# Madrid: almost all the styles in one city



## madridhere (Oct 10, 2005)

A few more pix:

The gardens of the Royal Palace:










The interior of the Royal Palace:




















Thanks to Gutoo






































Four towers of 250 meters built at the same time, something not common in Europe:










(This pix was taken by Israel Bermejo, thanks to him)

Museo del Prado and surroundings:
























































Our brand new airport, by Richard Rogers and Antonio Lamela:








































Highways around the city:




















Thanks to Pedro for the last 2 pix.










Thanks to Ecthelion

Some zombies (sorry, I don´t know the name of the owner of the picture)

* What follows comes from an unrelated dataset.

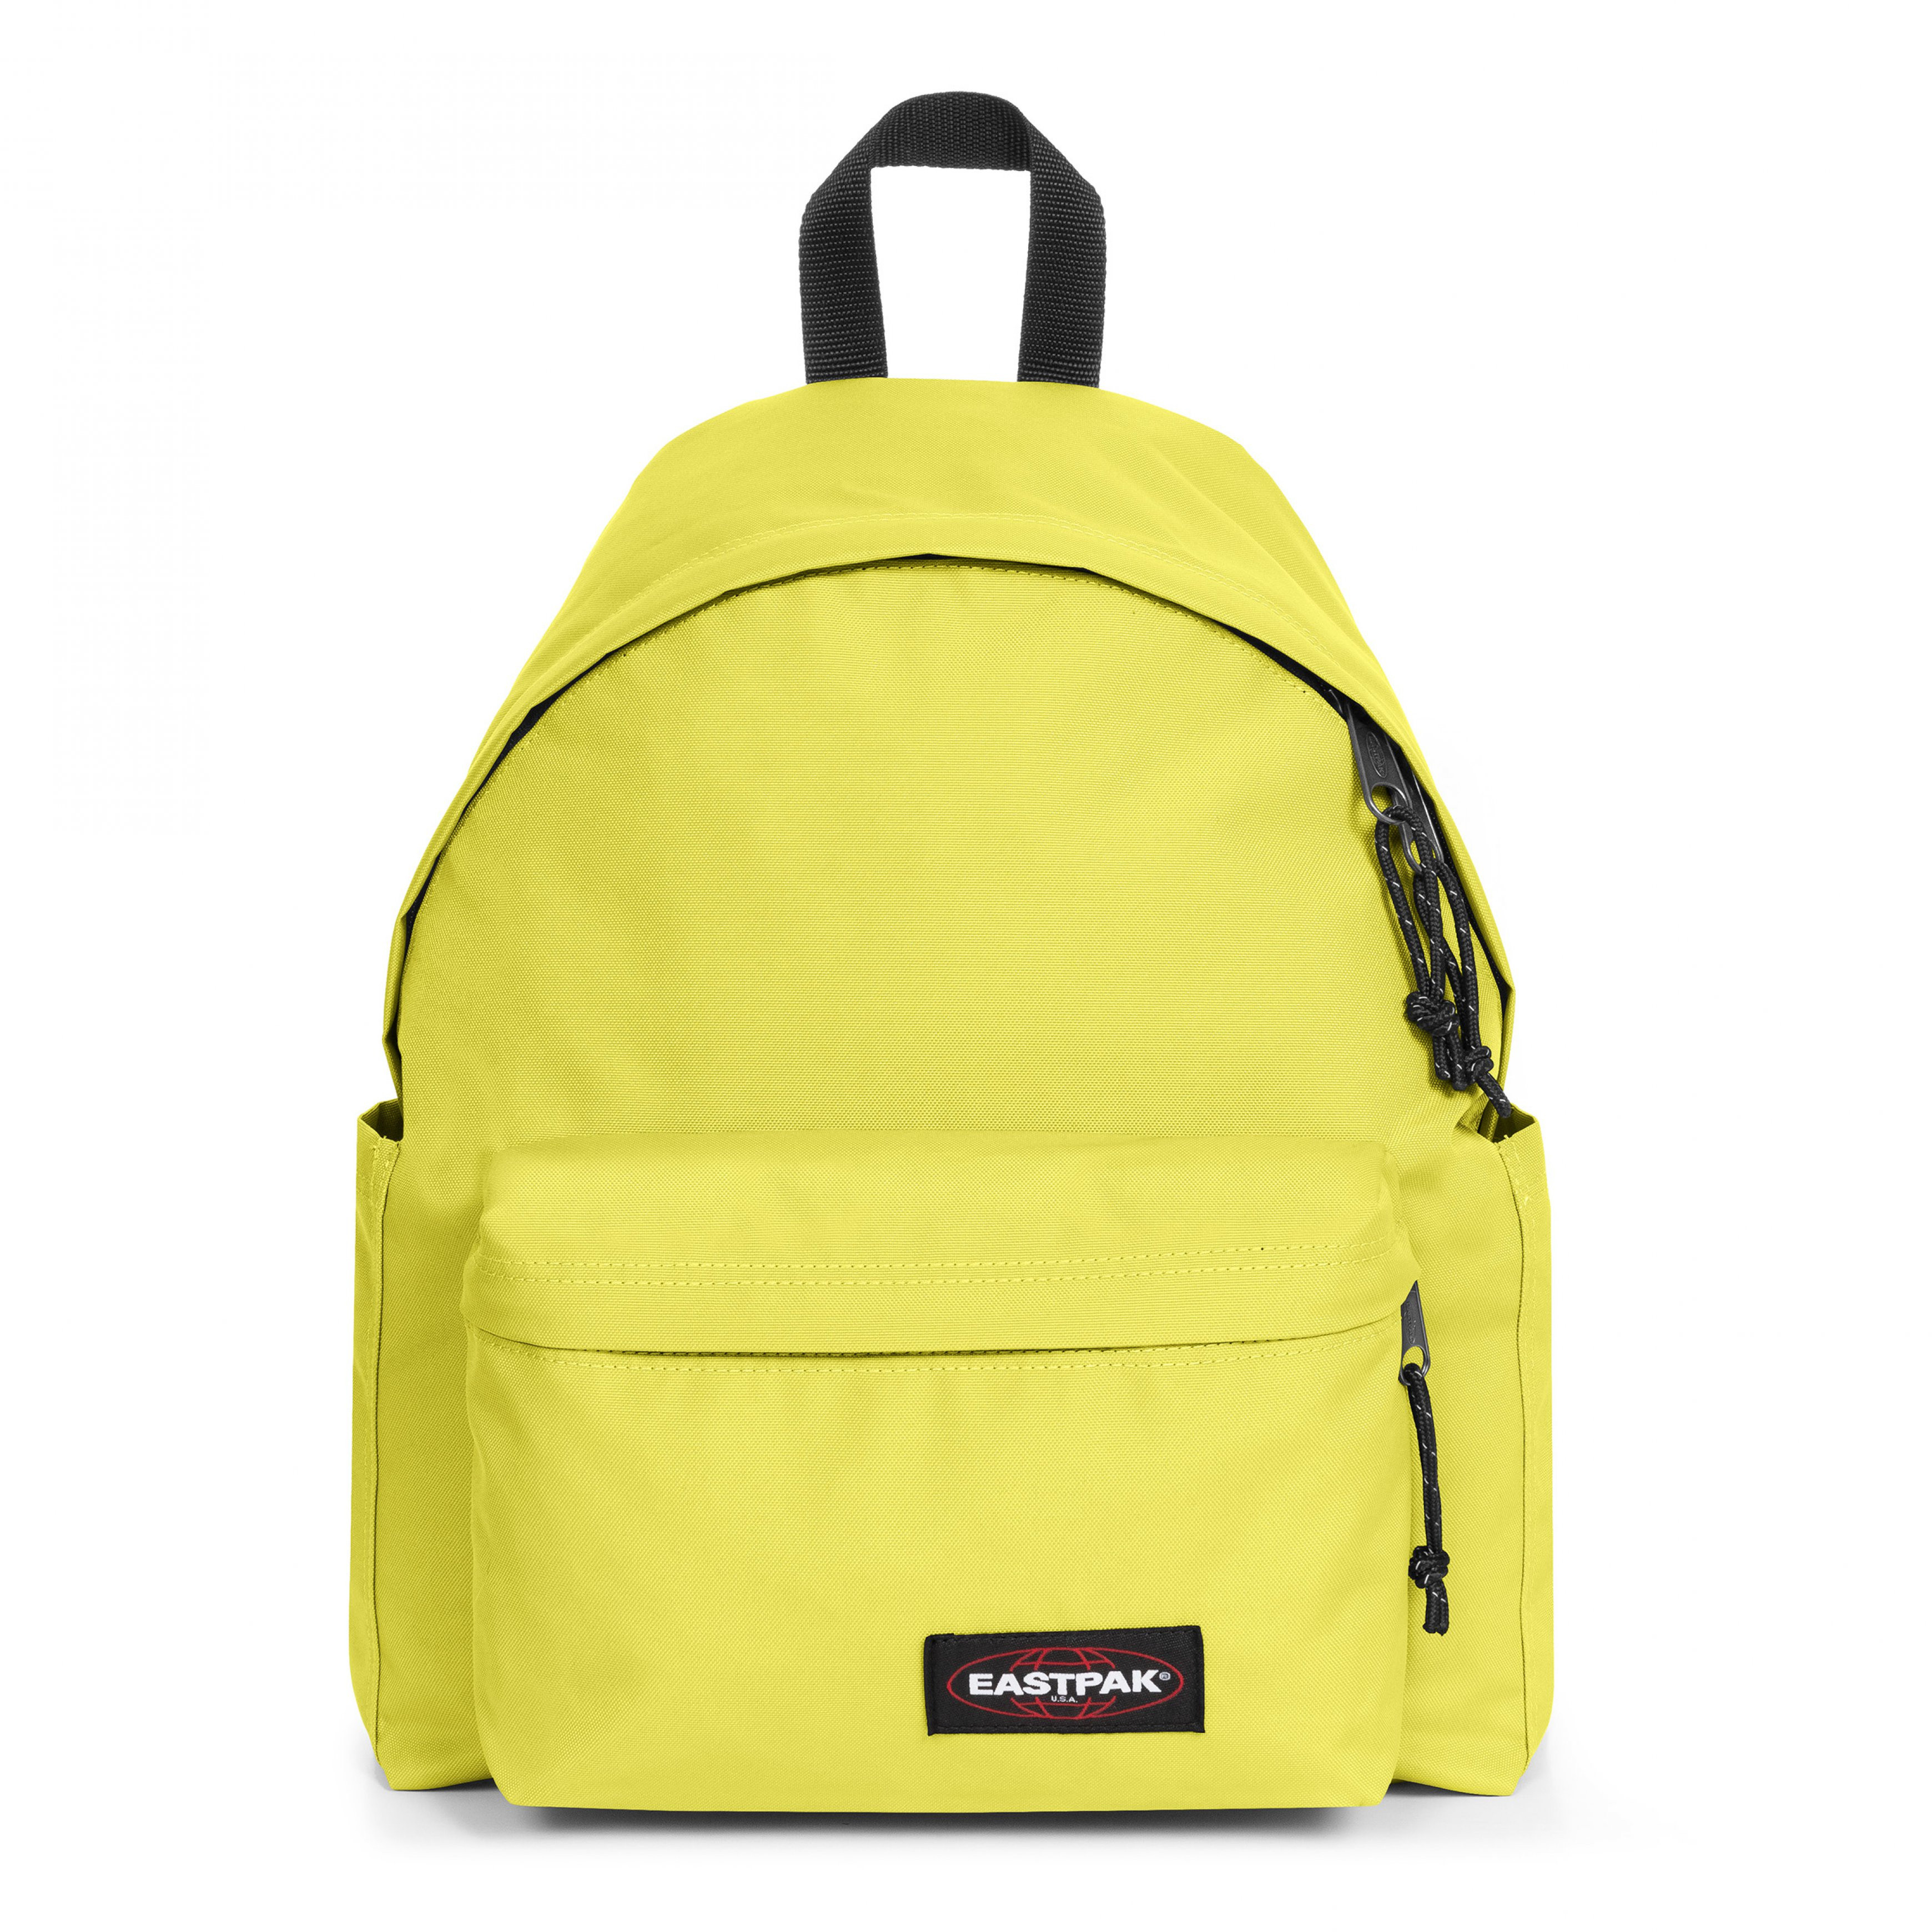 Eastpak - Day Pak'r Neon Lime backpack, Yellow, large image number 0

Thanks to lau ofr the last picture.

Puerta del Sol:










Plaza de Santa Ana:










European Gay Pride in Madrid:




























Madrid is a 24 hour city and never stops at night.






















Reina Sofia Museum of Modern Art, by Jean Nouvel



















Thanks to Patraix for this picture.












Thanks to m3c


Probably Madrid has some of the best art museums of the world, for people who like art (Prado, Thyssen and Reina Sofía).

Museo Thyssen:










Puerta del Sol:










Parque del Retiro:










Thanks to mauro





















Other things about Madrid: The economy is very strong now, the unemployment is technically unexistent (6%) amd people who comes always have a lot of fun because you can find lots of discos, good food and nice peple. So enjoy Madrid!


----------



## Canadian Chocho (May 18, 2006)

I really want to go there!! I can just picture having THE perfect day in Madrid.


----------



## JAVICUENCA (Dec 27, 2004)

Wwwwwwoooowwwww, thanks or your pix, Madridhere, they are beautiful.

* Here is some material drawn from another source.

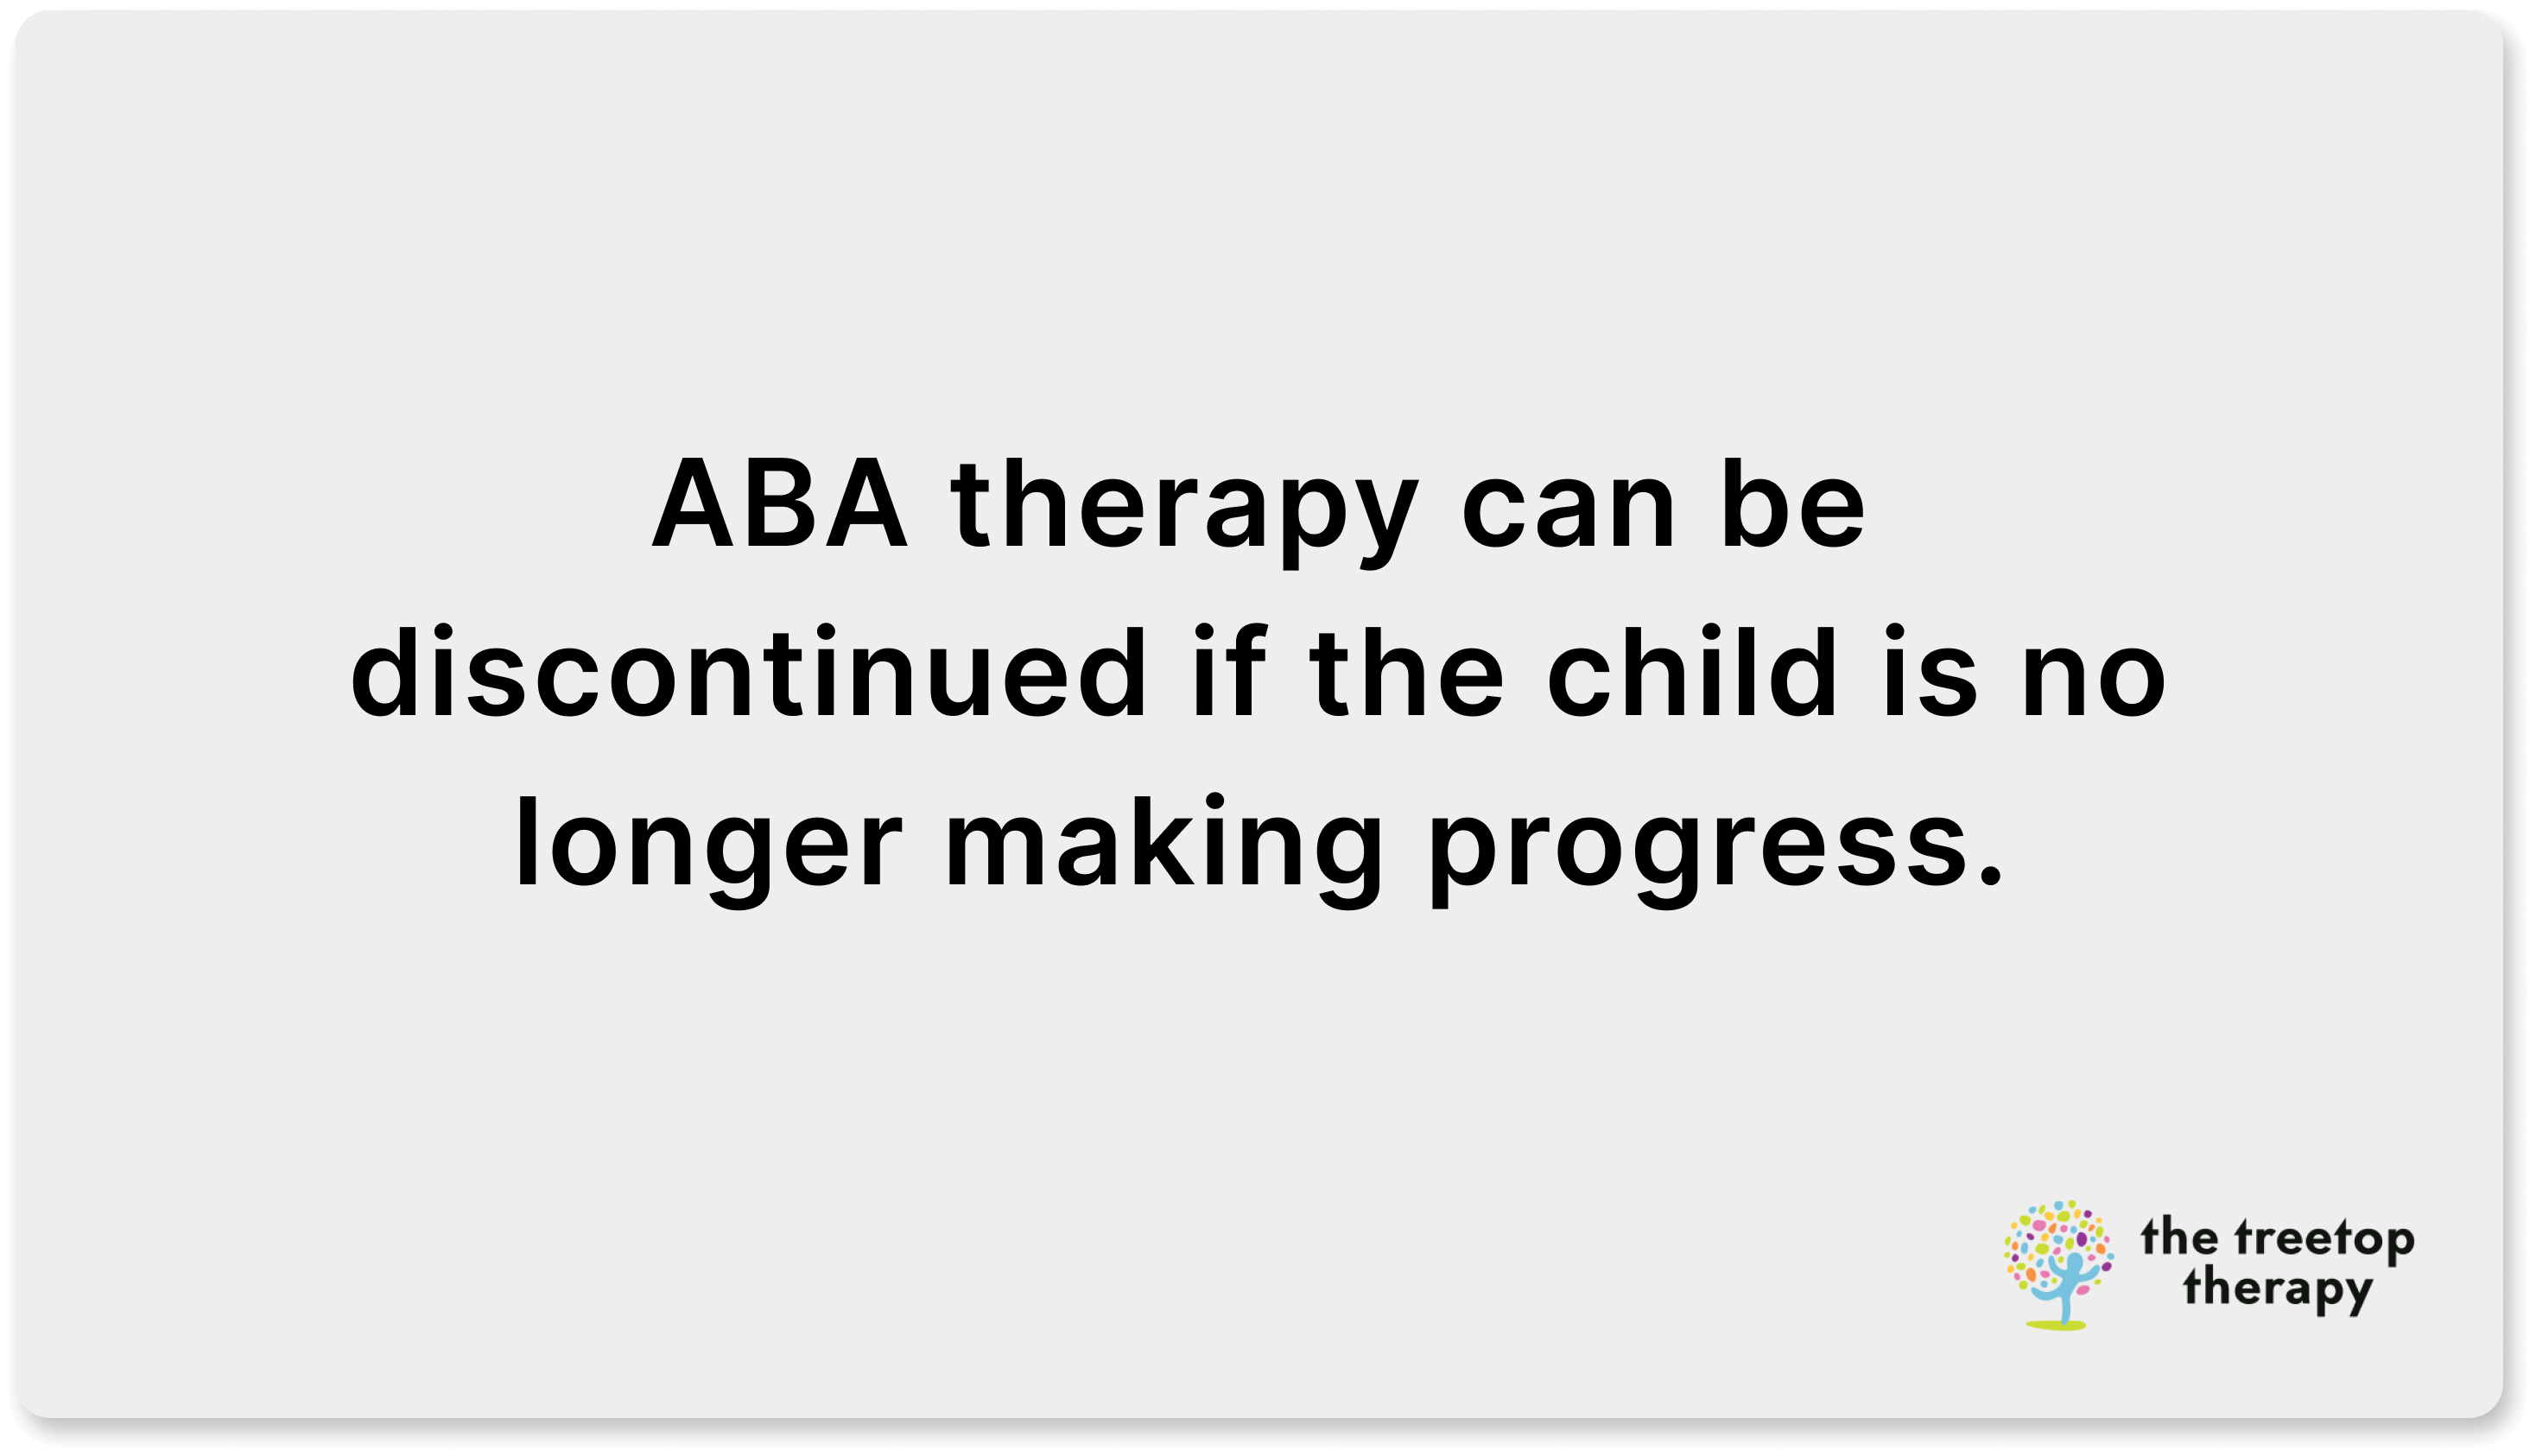 when to pause aba therapy

Still, I think that the best of Madrid is the energy of the people in the streets, always crowded! It would be lovely to have some pix of it, if you can. Thanks again.


----------



## steph35 (Apr 28, 2006)

good collection of pics !! 

i add some of mine, if you want to see more, just click here => http://www.skyscrapercity.com/showthread.php?t=479666


----------



## fredcalif (Dec 3, 2003)

Beautiful Madrid and it is only getting better


----------



## Joe 2007 (Mar 10, 2007)

Great Pictures! Madrid looks so beatiful! It must surely be one of the most under-rated Cities in the world. In England all you ever see pictures of in the brochures is Barcelona, and the seaside resorts. They look great aswell, but I think Madrid looks better.


----------



## david chanrion (Oct 4, 2002)

Nice serie of pix , tha,s !!
Yes Madrid would deserve to be better known, and it's becoming the case. Probably suffered during a long time of being overshadowed by the Barcelona- mania


----------



## BiH-x (Jul 22, 2007)

> It must surely be one of the most under-rated Cities in the world.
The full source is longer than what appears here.